5) Convergence – while there are plenty of various convergences being bantered about this year, the one with great opportunity is linking physical and logical security. When your alarm system becomes smart, there’s lots of substantial opportunities.
So, these are the problems that will drive spending. Where should you put your money?
Well, here’s the rub. The fastest players to market continue to be agile and focused start-ups. This means the best opportunities are for early stage investments. If you go and ask your IT security team what items top their list, you might just find that the companies behind the technologies are all start-ups. The best opportunities here continue to be for what is commonly the F-Cube (that’s F to the third power representing family, friends and fools) or through Angel Funds (which we’ll see covered throughout the year in the Entrepreneur’s Column).
Venture funds are poised to grab emerging players in this space, but it will usually take a couple years of proving themselves before these companies are rolled up into some of the major public companies where you can play.
However, it’s noteworthy that the public players are extremely acquisitive and everybody from Google, Microsoft and IBM (to list the more focused security players) are buying proven technologies in hopes of scaling them through integration.
This final point is pretty important when you look at many cutting edge security tools today. Right now they usually require complex integration and sophisticated management.

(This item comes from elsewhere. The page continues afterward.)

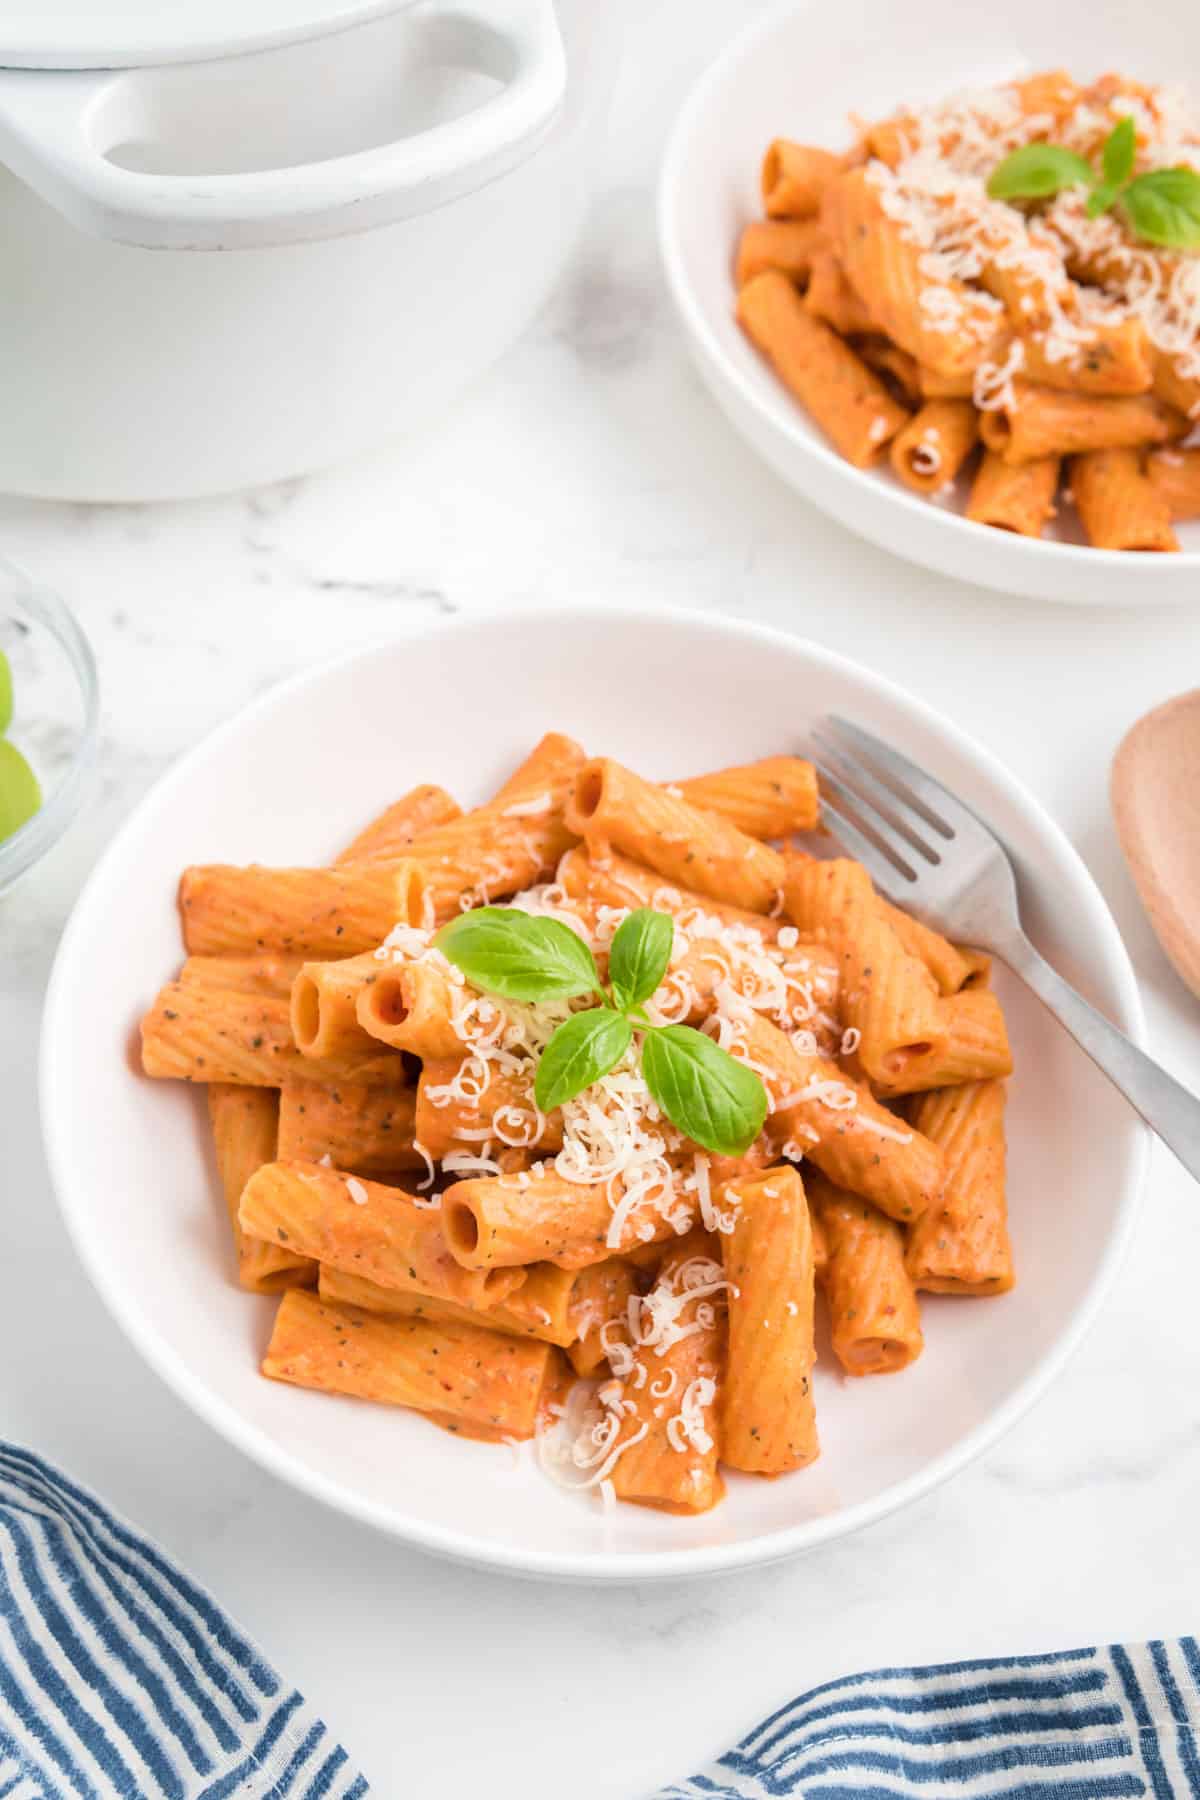 Pink sauce pasta made with Boursin cheese served in a white bowl with parmesan and fresh basil leaves.

It’s best to think of the market as the auto industry without any car dealers – only auto parts suppliers. The winning technologies, like intermittent windshield wipers won’t make it if you have to build it into a car yourself. However, there will be lots of great products this year that will be proven in the F-500 markets where companies can afford the complexity. Companies that demonstrate success here will be the tools that soon are integrated into the products you buy at Best Buy for your kids to configure and install.